Preoperative Optimization Indian Medical PG Question 9: All of the following are indicators of adequacy of pre-operative resuscitation except
- A. Hematocrit level
- B. Consciousness level
- C. C-reactive protein level (Correct Answer)
- D. Urine output
Preoperative Optimization Explanation: ***C-reactive protein level***
- **C-reactive protein (CRP)** is an inflammatory marker and is not a direct indicator of the adequacy of pre-operative fluid and hemodynamic resuscitation. An elevated CRP suggests ongoing inflammation or infection, not necessarily a deficit in perfusion or hydration.
- While inflammation can coincide with critical illness requiring resuscitation, CRP itself does not provide real-time information about **organ perfusion**, **oxygen delivery**, or **fluid status**.
*Hematocrit level*
- **Hematocrit** levels are crucial for assessing factors like **blood loss** and **hemoconcentration**, which directly impact the need for and adequacy of resuscitation. An increasing hematocrit can indicate hemoconcentration, while a decreasing hematocrit may suggest blood loss.
- It helps guide decisions regarding **blood product transfusions** and overall fluid management.
*Consciousness level*
- The **level of consciousness** is a vital clinical indicator of **cerebral perfusion** and overall brain oxygenation. Deterioration can signal inadequate resuscitation and poor cerebral blood flow.
- Improvements in consciousness level after interventions suggest improved **systemic perfusion** and oxygen delivery to the brain.
*Urine output*
- **Urine output** is a sensitive and widely used indicator of **renal perfusion** and overall systemic hydration status. Adequate urine output (e.g., >0.5 mL/kg/hr) suggests sufficient renal blood flow.
- Low or absent urine output can indicate **hypovolemia**, **poor cardiac output**, or **renal hypoperfusion**, highlighting the need for further resuscitation.
Preoperative Optimization Indian Medical PG Question 10: A meta-analysis comparing ERAS versus traditional perioperative care shows 30% reduction in length of stay and 50% reduction in complications without increase in readmission rates. However, implementation costs are 20% higher initially. As a department head, how should you evaluate the adoption of ERAS protocol?
- A. Reject ERAS due to higher initial costs affecting hospital budget
- B. Wait for more evidence before implementation
- C. Adopt ERAS based on superior clinical outcomes and likely long-term cost savings from reduced complications (Correct Answer)
- D. Implement ERAS only for low-risk patients to minimize costs
Preoperative Optimization Explanation: ***Adopt ERAS based on superior clinical outcomes and likely long-term cost savings from reduced complications***
- Significant reductions in **length of stay (30%)** and **complications (50%)** provide strong evidence for the clinical superiority of **ERAS protocols** over traditional care.
- The initial 20% cost increase is often offset by **long-term savings** gained from fewer hospital days and reduced management of postoperative complications.
*Reject ERAS due to higher initial costs affecting hospital budget*
- Focusing solely on **upfront costs** ignores the substantial economic benefit derived from **resource optimization** and beds being freed faster.

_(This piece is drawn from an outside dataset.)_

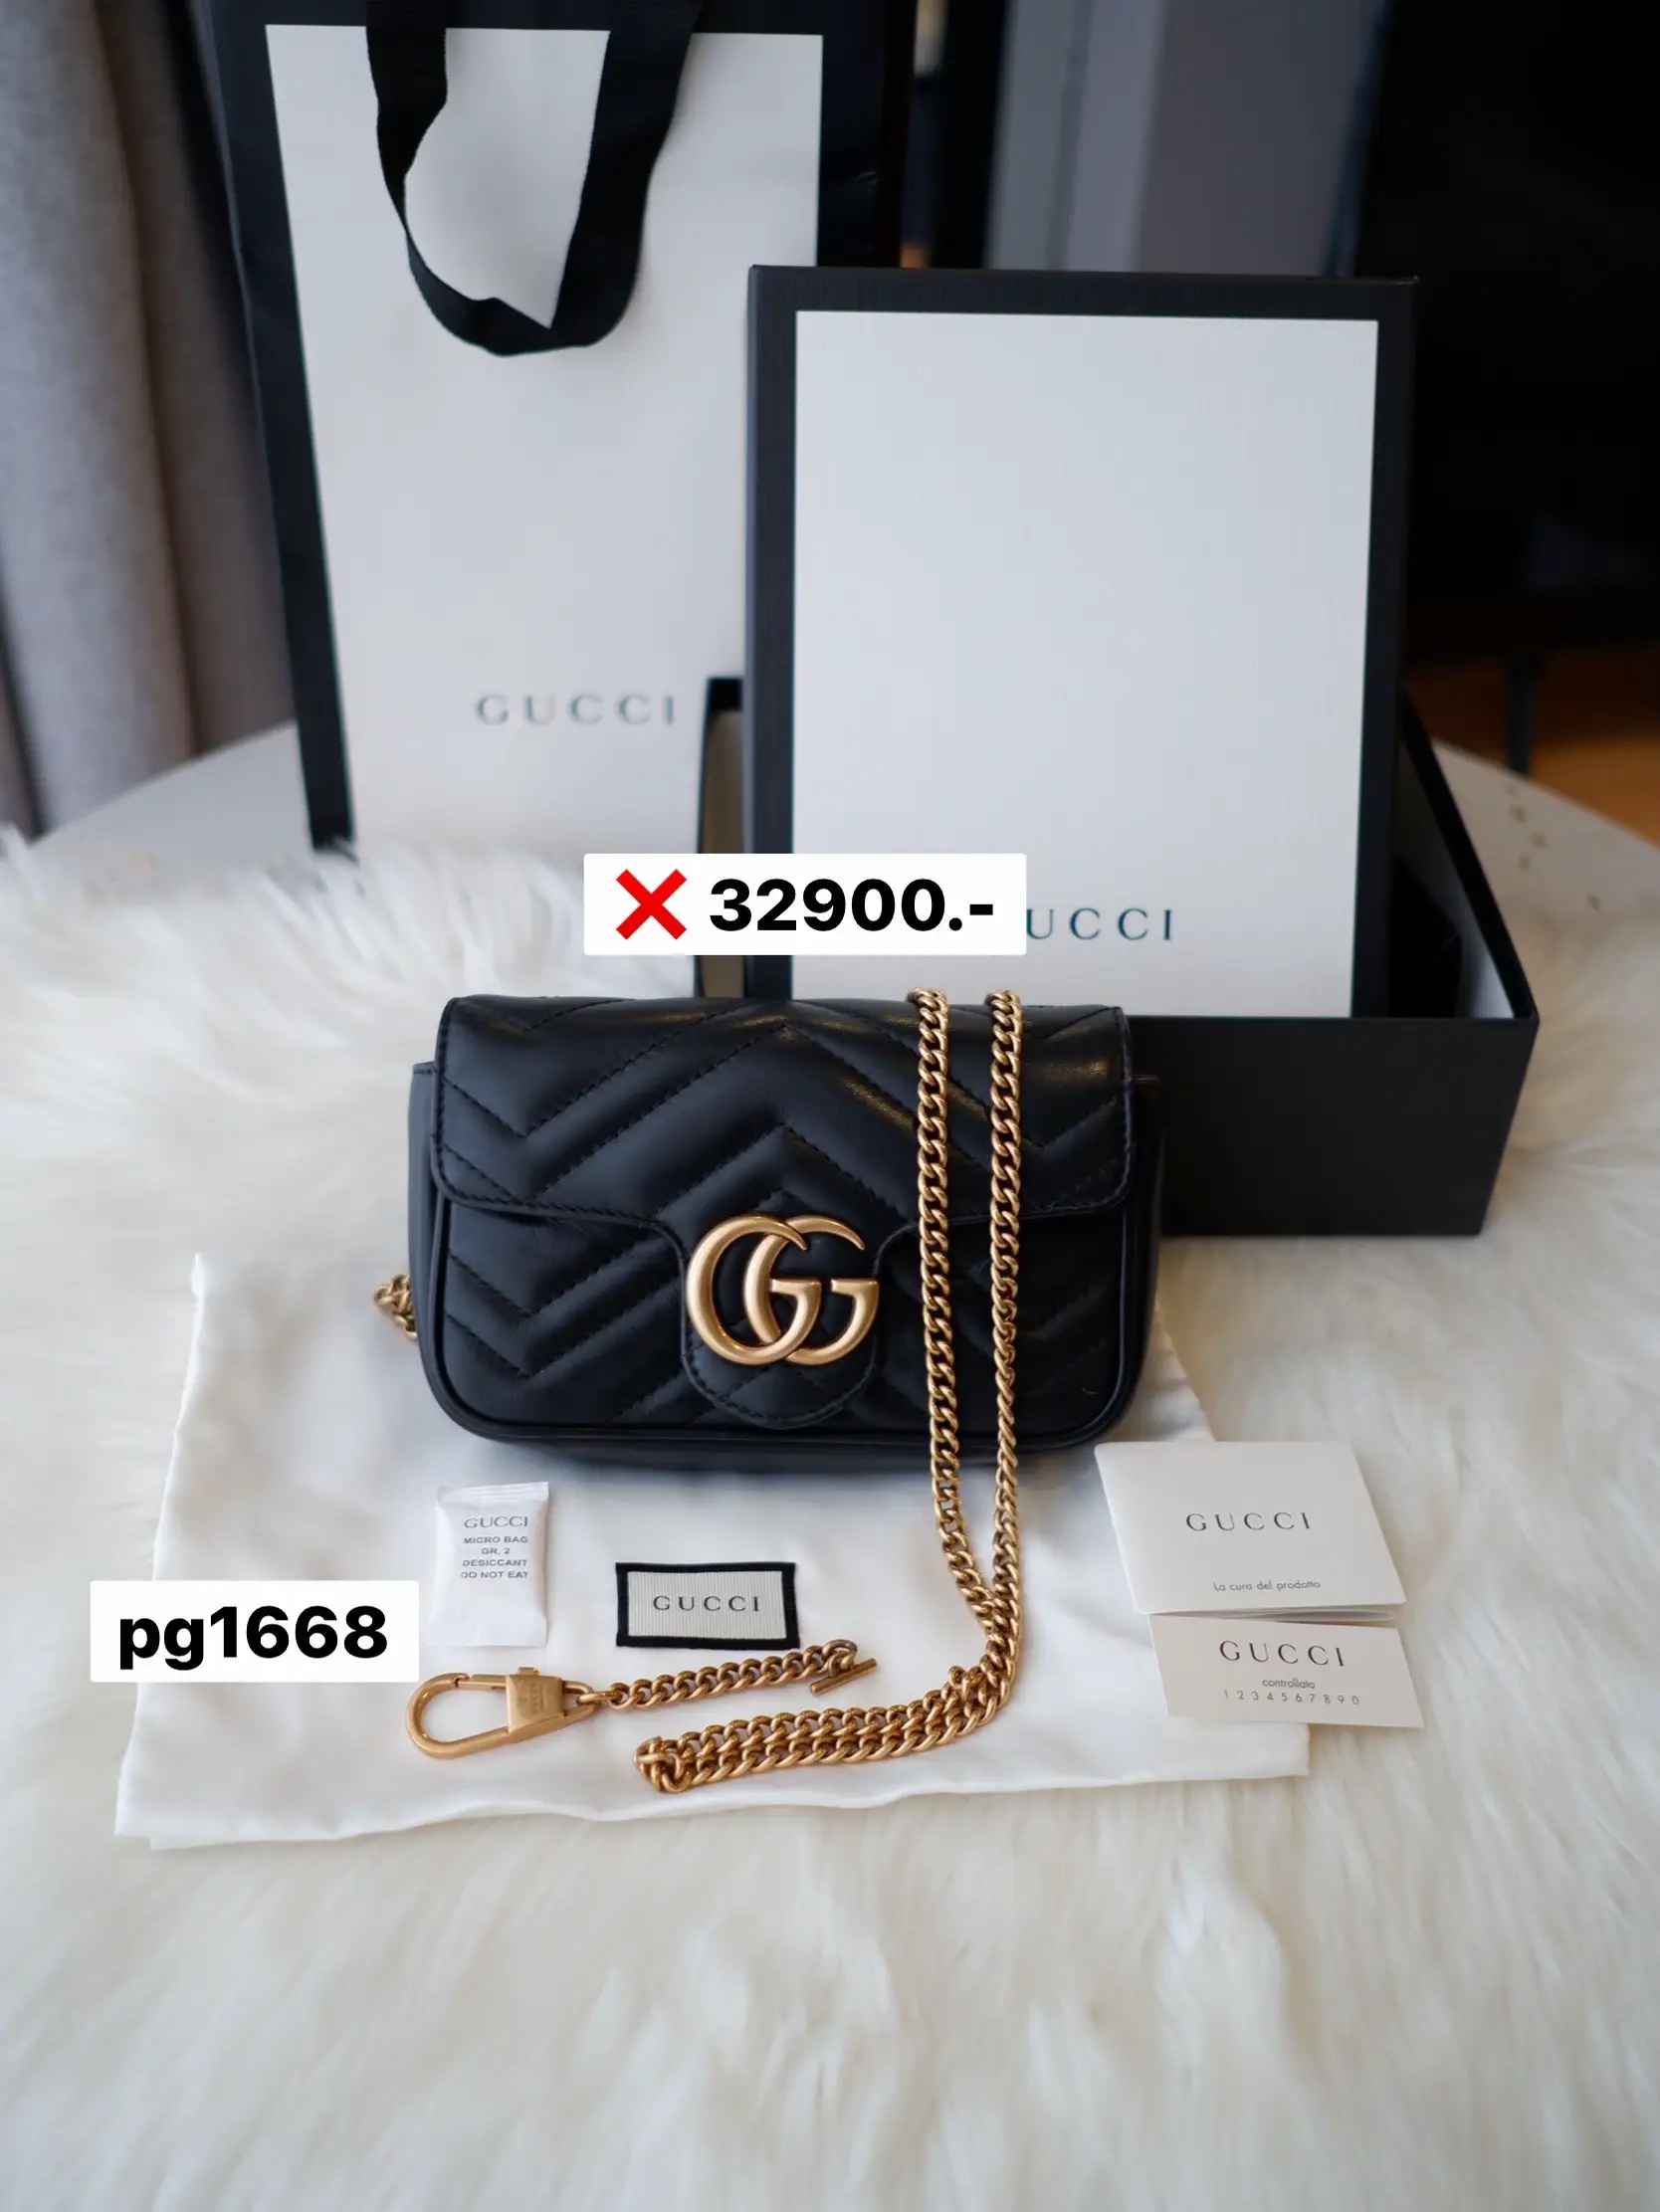 Gucci Marmont Mini Bag Review, Gallery posted by Maxxy Hayes

- High-value healthcare prioritizes **outcomes per dollar spent**, and ERAS typically demonstrates a high **return on investment**.
*Wait for more evidence before implementation*
- Current **meta-analysis data** already provides high-level evidence regarding its efficacy in improving **surgical recovery**.

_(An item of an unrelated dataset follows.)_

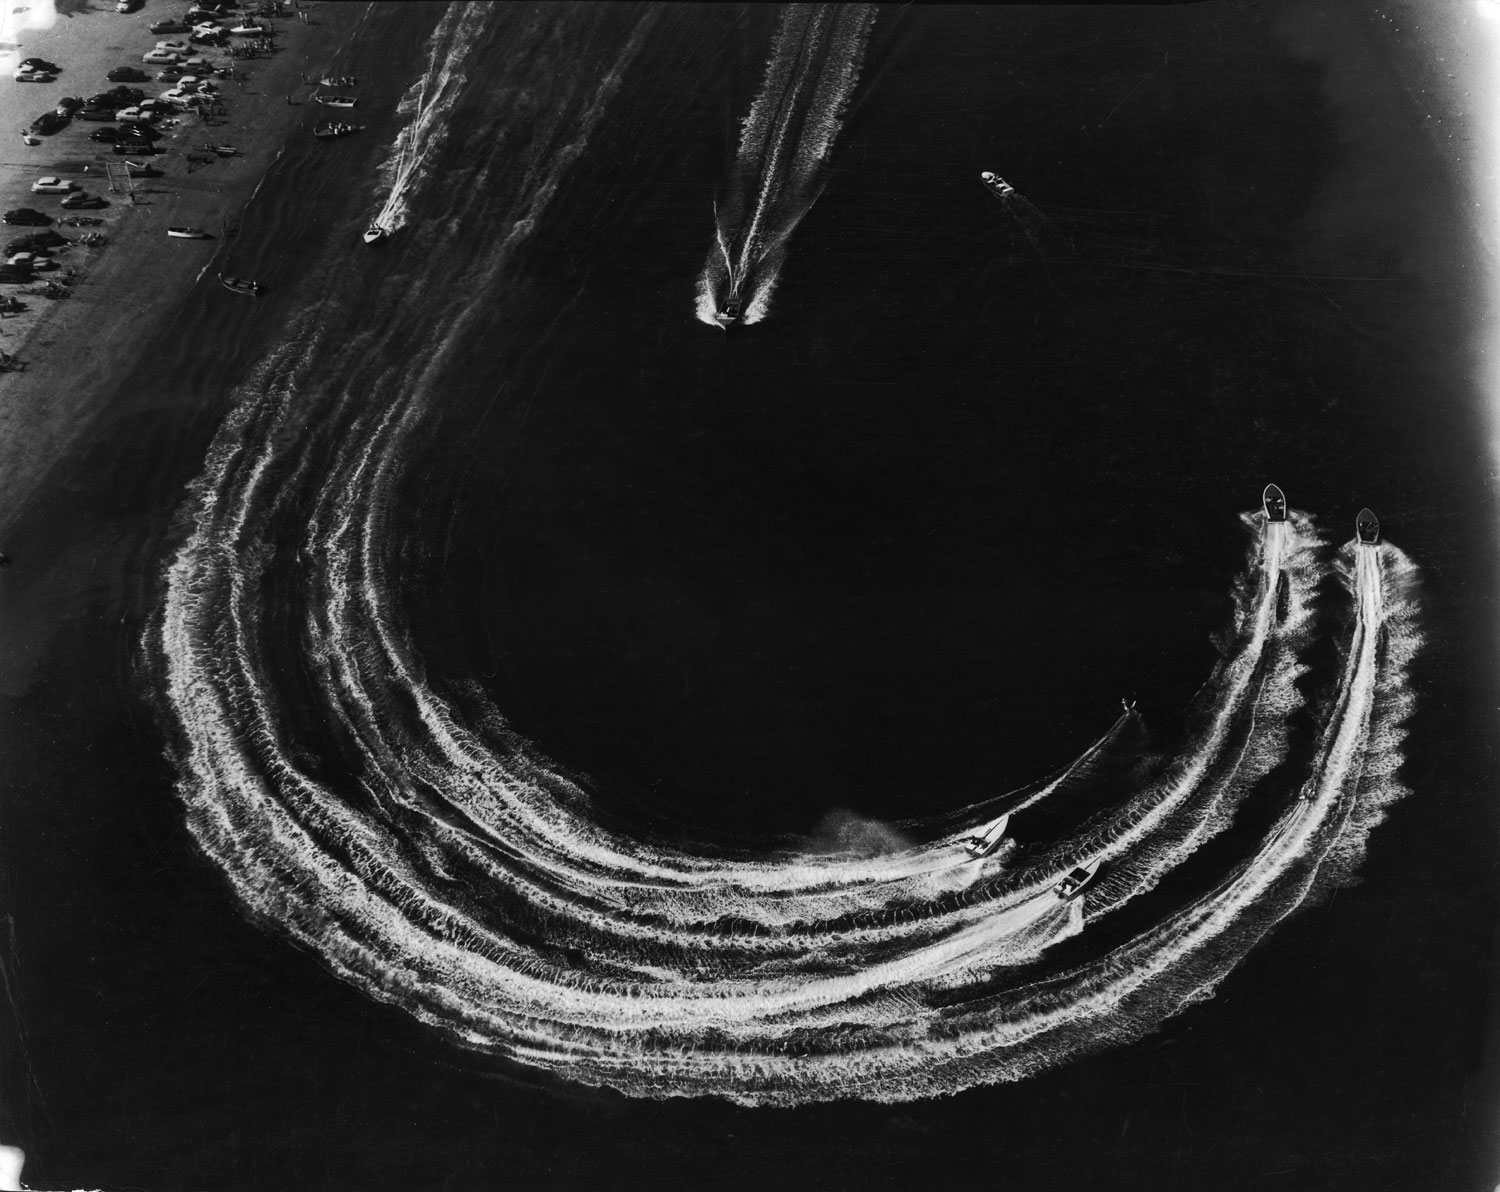 Water skiers and motorboats speed across the water, Long Beach, Calif., photographed from a helicopter, 1952.

- Delaying implementation based on sufficient existing evidence prevents patients from accessing safer, **evidence-based clinical pathways**.
*Implement ERAS only for low-risk patients to minimize costs*
- **ERAS protocols** are designed to be multi-modal and often provide the greatest absolute benefit to **high-risk patients** who are prone to complications.
- Restricting the protocol limits the overall **scale of improvement** in hospital-wide metrics like **readmission rates** and total surgical volume.